Unfortunately out of the box, the shirt armholes are too high and cause a few issues with arm movement. It's also too tight in the chest and upper back. The fabric itself is quite stiff and doesn't have much give to it, I haven't worn it out yet but I'm going to give it a few wears over the coming weeks and then take it back.

Michael did say that if I wasn't happy with the shirt, that they'd make me another one - so I will probably be going back in and asking for that because of the overall tightness. Now at least I know what I want the most - full range of arm movement. I will report back after I go in for "adjustments" and see what they're willing to do.

 

I agree with mzmart about this being a semi-bespoke service. They do say they make a pattern from scratch, however the cutter and shirt maker are not the same person and at least for a shirt, for non-VIP customers, there is no fitting - just measurements and final product plus adjustments.
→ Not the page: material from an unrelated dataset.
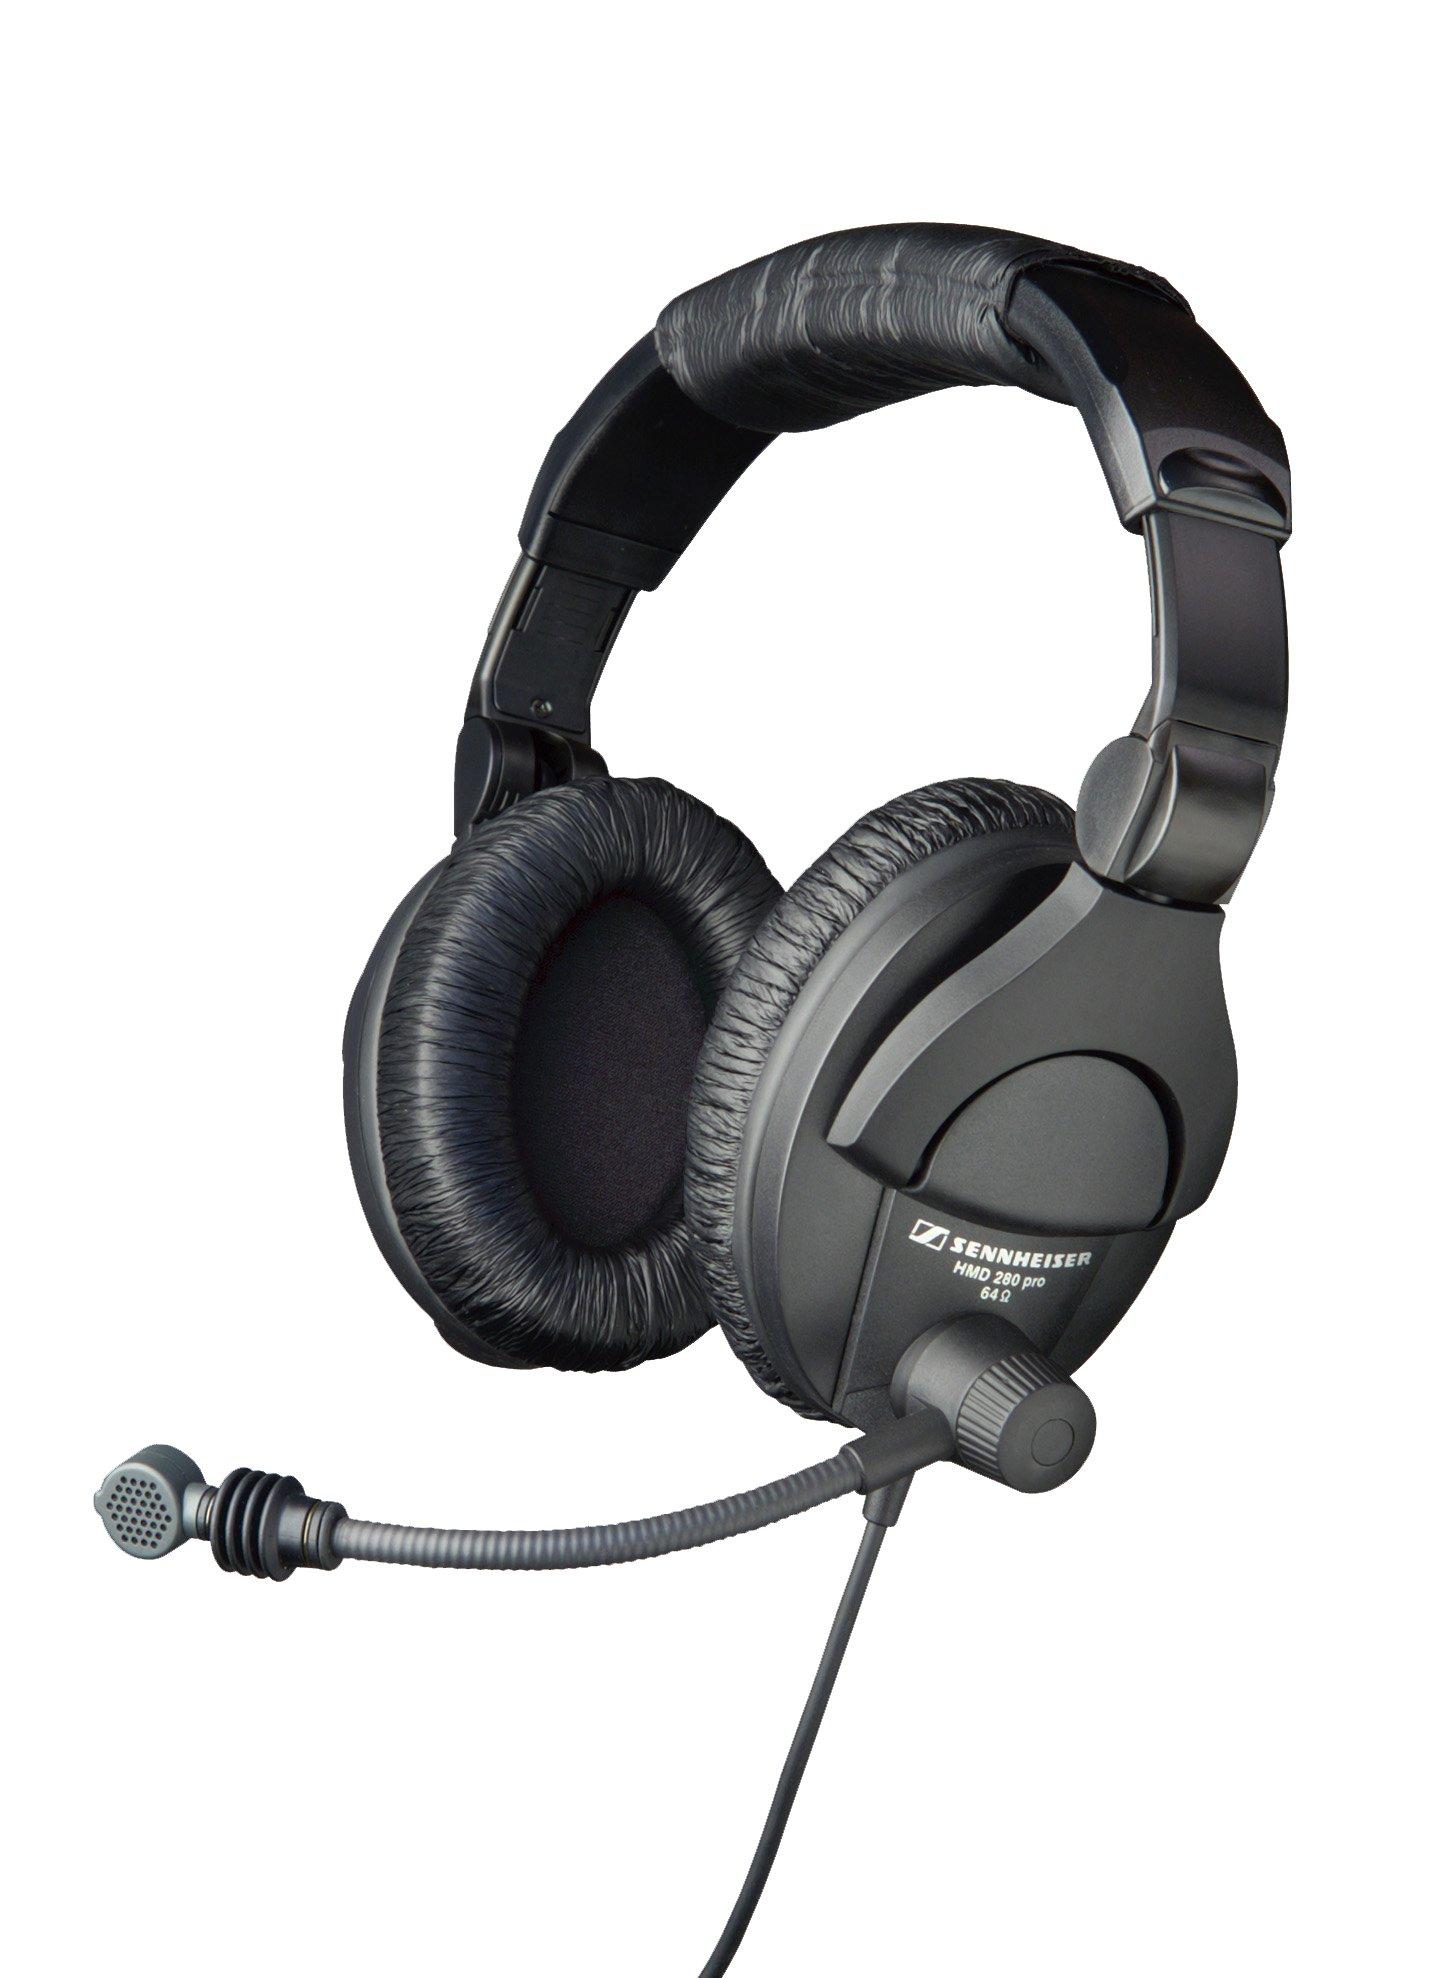 Sennheiser HDM 280-13 - Professional Communication Headset for High Noise Environments by Sennheiser

As I said I have not been in for my adjustments yet, so I will let you guys know how that goes after I go see them again. 

My preference would be for the pieces that need to be re-made to be remade with a lower armhole, more room in the chest and upper back, more tapering at the lower back and I think due to the fabric weight, I will wear the shirt out instead of tucked, so a shorter hem at the back.
 

post #79 of 79
Just to round this off. Shoulder fixed and suit taken home. Nice enough final fit. Got the style a bit wrong but that's my fault for not being insistent. Yeah Ok overall. But ......a bit overpriced. Overall rating 7/10.